Perry Williams

No. 23
- Position: Cornerback

Personal information
- Born: May 12, 1961 (age 65) Hamlet, North Carolina, U.S.
- Listed height: 6 ft 2 in (1.88 m)
- Listed weight: 200 lb (91 kg)

Career information
- High school: Richmond (Rockingham, North Carolina)
- College: NC State
- NFL draft: 1983: 7th round, 178th overall pick

Career history
- New York Giants (1984–1993); New York Jets (1994)*;
- * Offseason or practice squad member only

Awards and highlights
- 2× Super Bowl champion (XXI, XXV);

Career NFL statistics
- Interceptions: 18
- Fumble recoveries: 8
- Sacks: 5
- Stats at Pro Football Reference

= Perry Williams (cornerback) =

American football player (born 1961)

Perry Lamar Williams (born May 12, 1961) is an American former professional football player who was a cornerback in the National Football League (NFL).
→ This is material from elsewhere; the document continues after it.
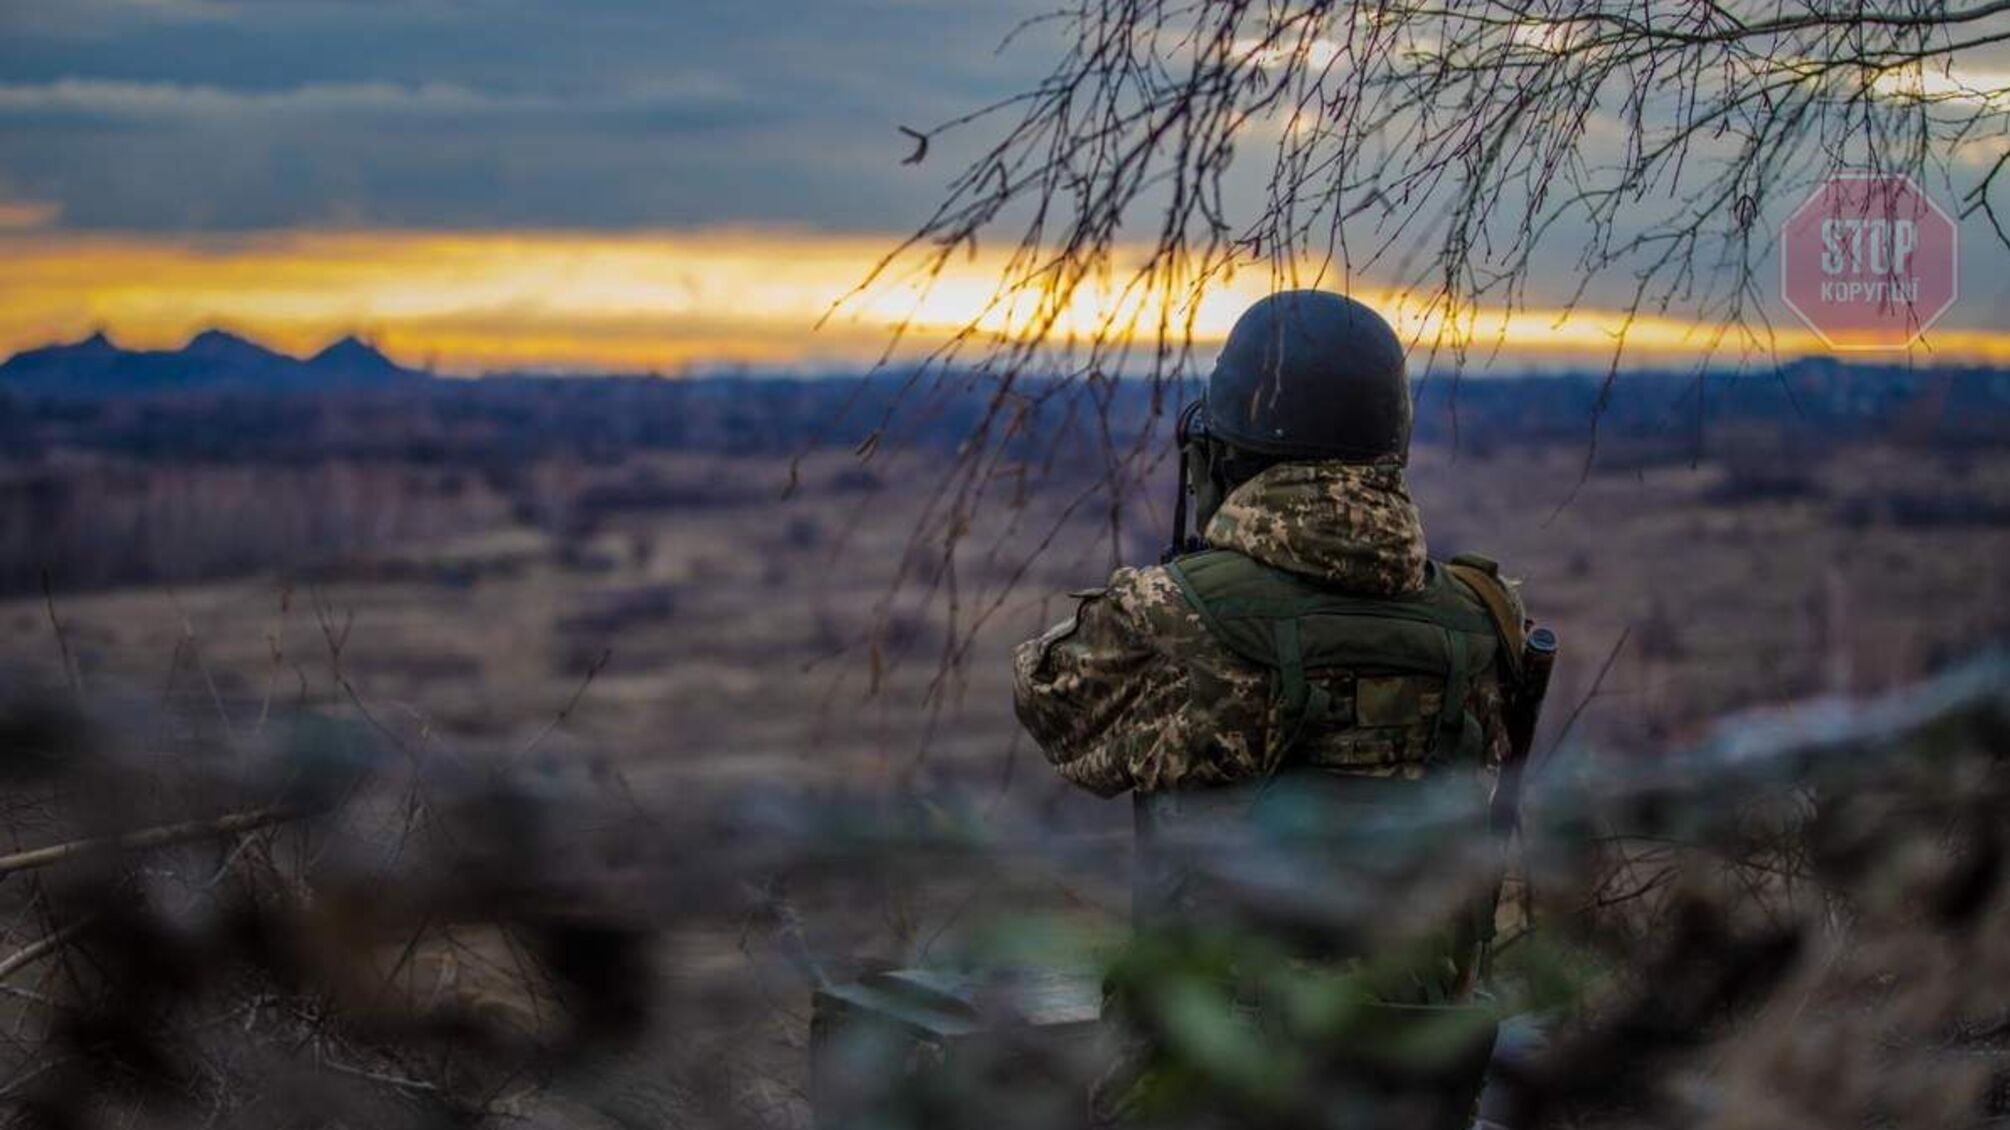 Війна триває: на Донбасі бойовики знову обстріляли позиції ЗСУ

He was selected by the New York Giants in the seventh round of the 1983 NFL draft.

==Early life==
Williams attended Richmond Senior High School in Rockingham, North Carolina. He has a part of Richmond's 1978 state championship football team. Williams was inducted into the Raider Athletic Hall of Fame in 2025.

==College career==
He played college football for the NC State Wolfpack. He also ran track for the Wolfpack's track and field team and held the 55m indoor track record in 1983 with a time of 6.22 seconds.

==Professional career==
He played for the Giants from 1984 to 1993. Williams won two Super Bowls while with the Giants.

Together with George Martin, Williams is an alum of Fairleigh Dickinson University-Florham (BA 1987), as the first two Giants players to graduate from the school's NFL degree completion program.

==Personal life==
He works at Long Island University Post (LIU) as the Director of Sports Management.